Древо света (Слуцкис) - страница 140

Статкус не отозвался, машина подпрыгивала на корнях, еще малость, и повело бы на толстую, ободранную ель. Кое-как вывернул, спустился на проселок — в колдобинах весь и ухабах, бог весть когда грейдером причесанный. На неровностях лязгали зубы и железо. Не притормозил перед поворотом, машину снова занесло. Руки срывались с руля, на них уродливо выступили жилы. Бессознательно стремились они увести его подальше от усадьбы, от грохочущего в голове взрыва.

— Не спросила, куда едем, хотя ей и небезразлично. Тебя это не смутило?

Оба думали о Петронеле.

— Деревенские в душу не лезут.

— Нет. И так поняла, — Статкус не позволял себя успокаивать.

— Что поняла?

— Что бежим, как от тифозных.

— Не выдумывай.

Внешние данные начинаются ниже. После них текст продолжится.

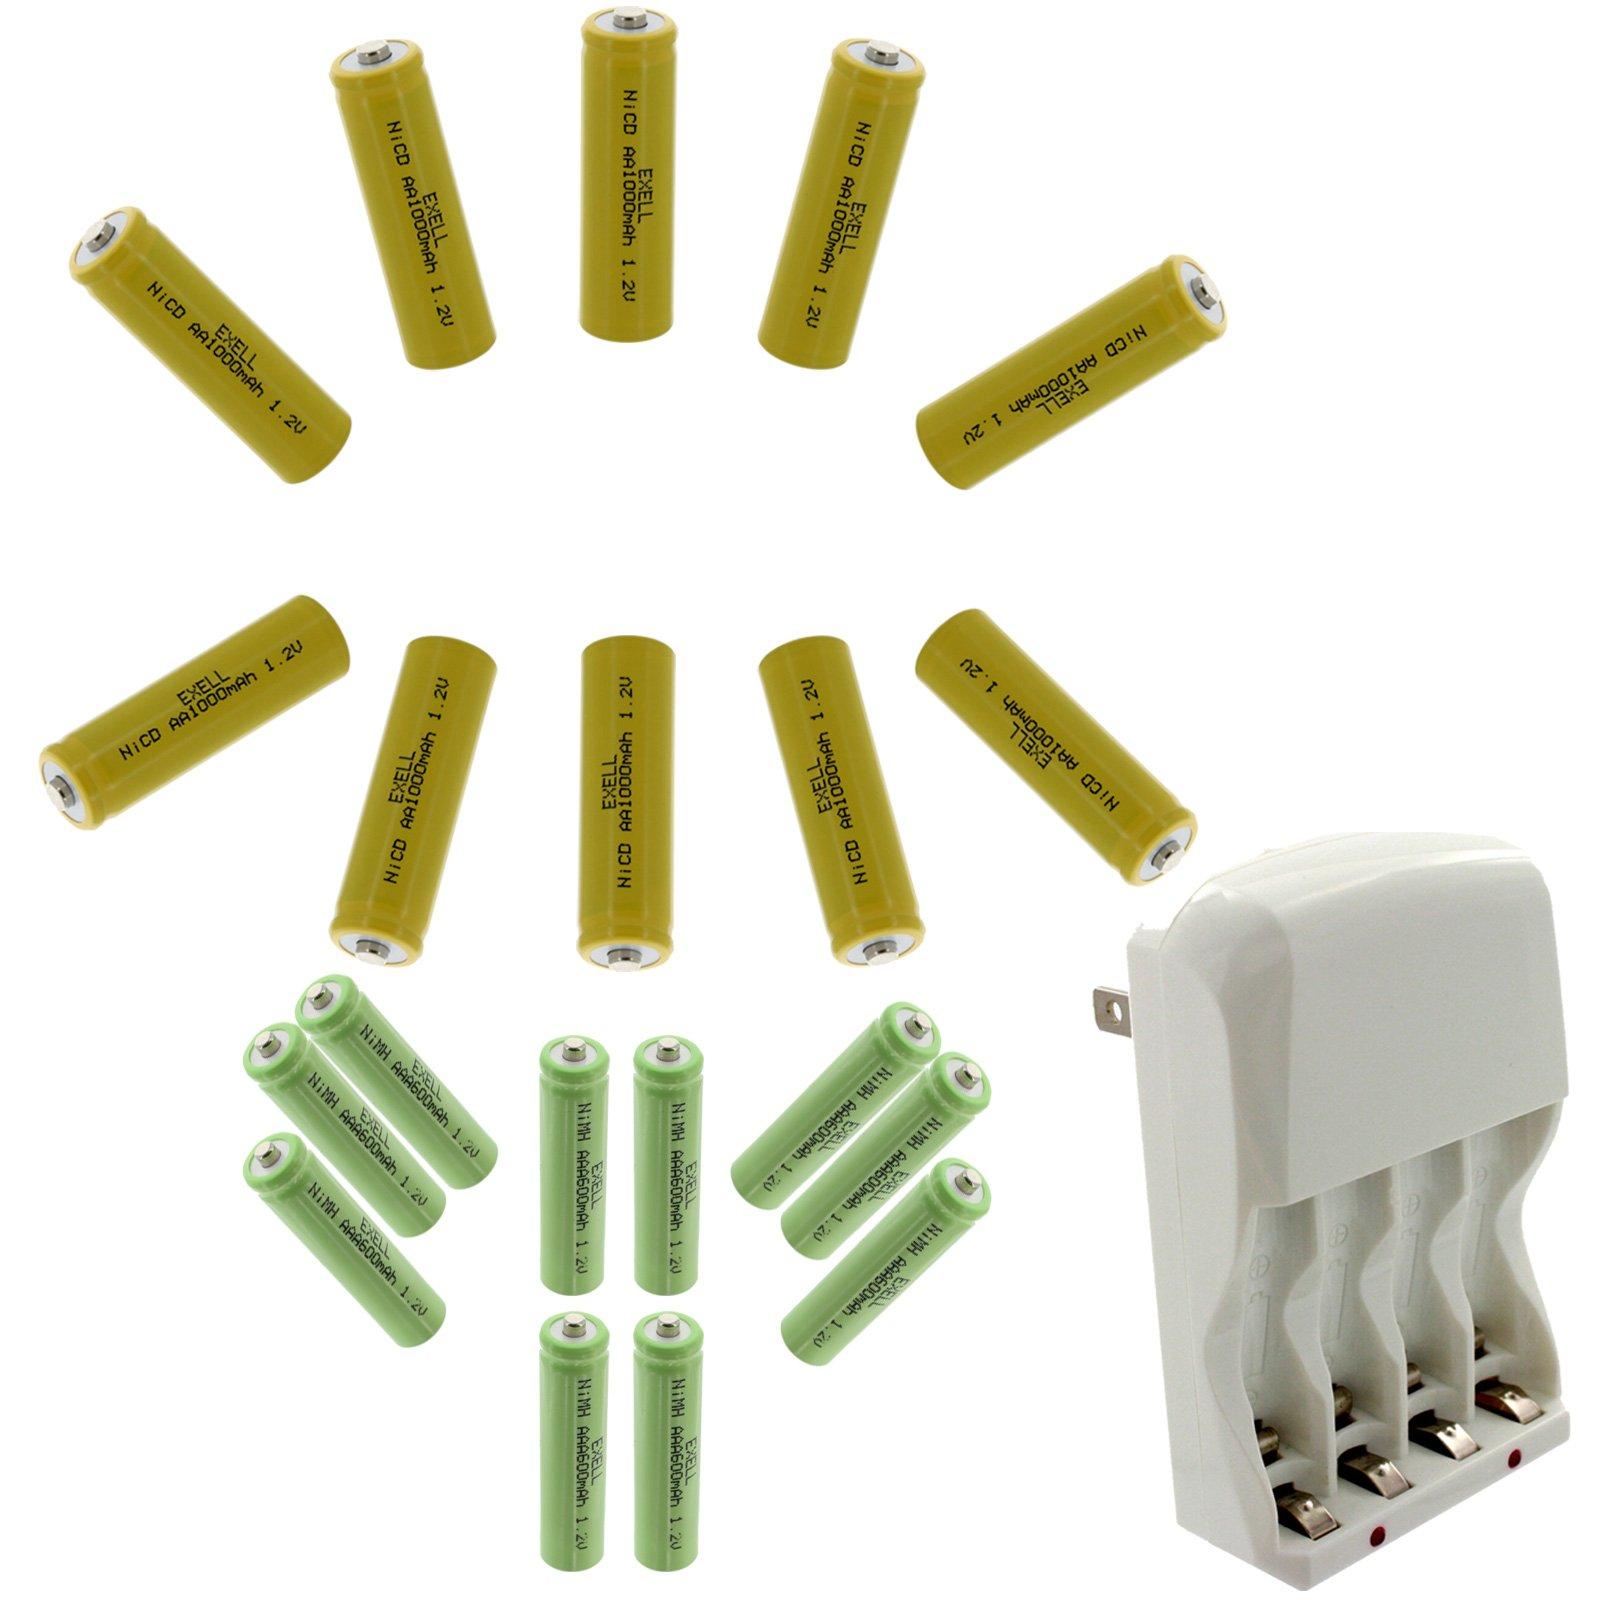 10x AA NiCD 1000mAh & 10x AAA 800mAh NiMH Rechargeable Batteries with Charger, Batteries Great for Path Lights Malibu Solar Garden Lights, Motion Sensor Lights, PDAs, Digital Cameras

В местечко и обратно.

Обогнал желтый «Жигуленок», порыв ветра взъерошил Статкусу волосы. Вот так же молниеносно сверкнет что-нибудь в усадьбе, пока они попусту тут спорят.

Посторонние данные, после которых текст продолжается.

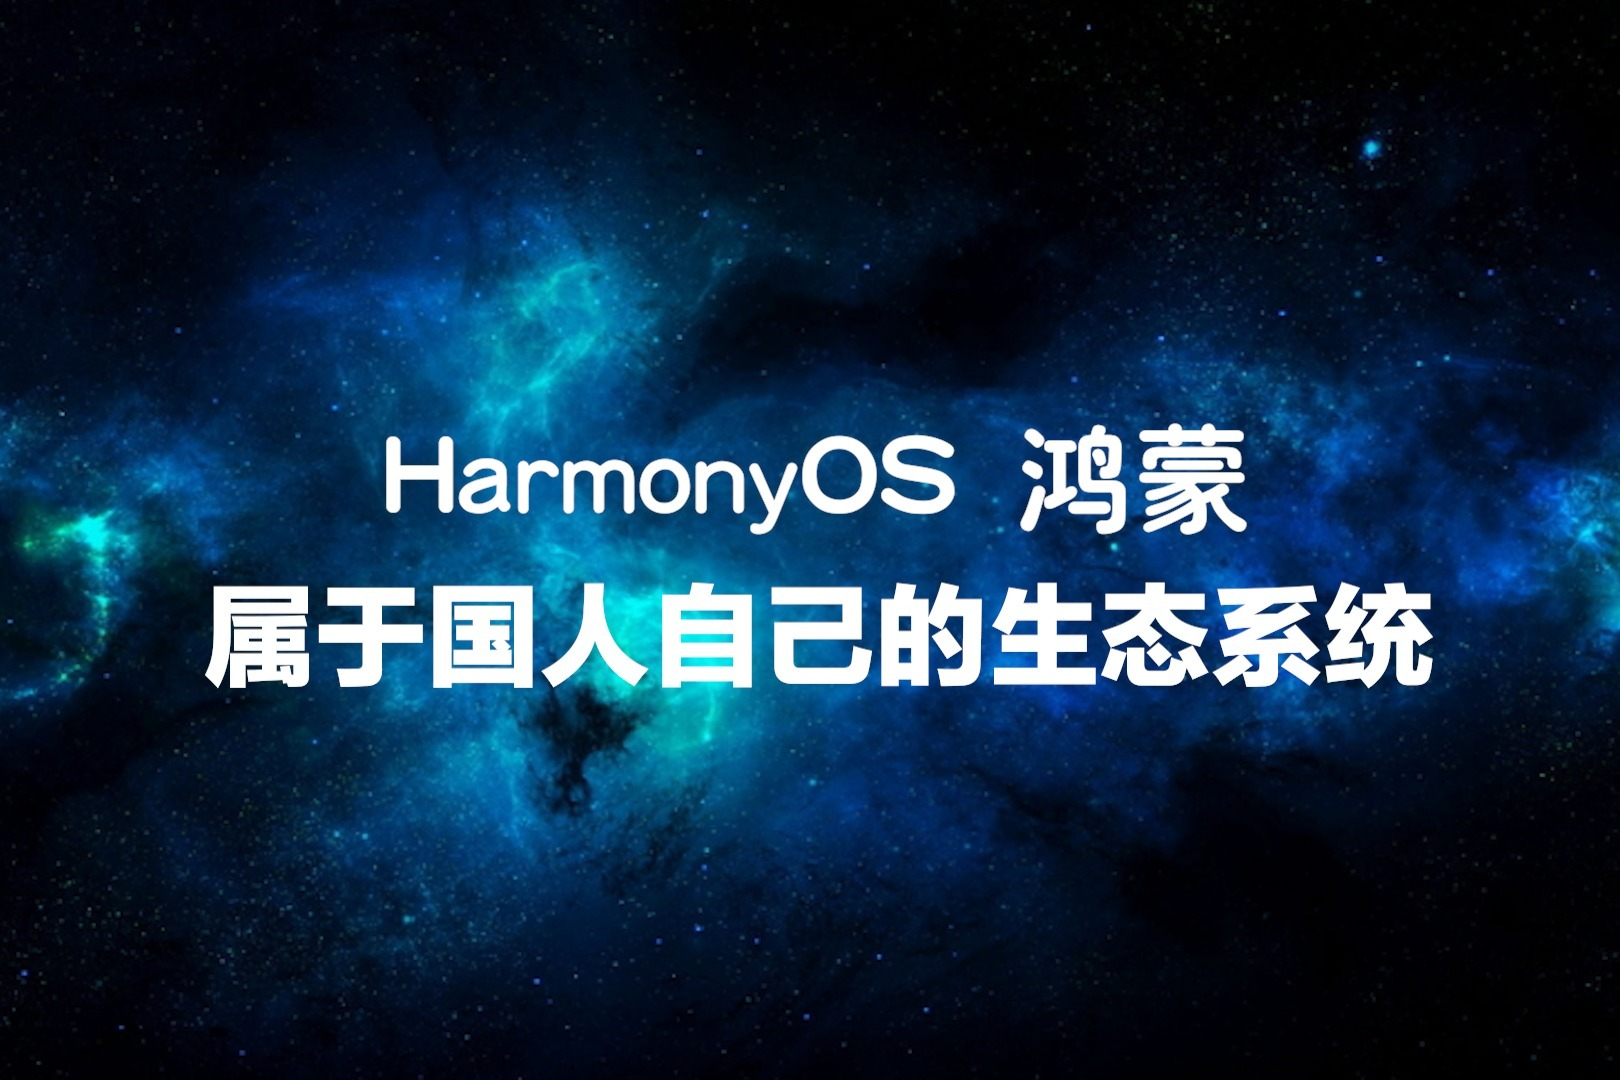 HarmonyOS 鸿蒙,属于国人自己的生态系统

— Разве плохо? Вырвались на минутку, — оправдывалась Елена, словно они оставили на дороге сбитого человека.

— А мне все кажется… — Йонас странновато улыбнулся. — Такое чувство, будто везем Петронеле с собой…

— Шутишь?


— …везем ее недоверие, ужас. — Он старался не глядеть в зеркальце, опасаясь увидеть откинувшуюся на заднем сиденье Петронеле.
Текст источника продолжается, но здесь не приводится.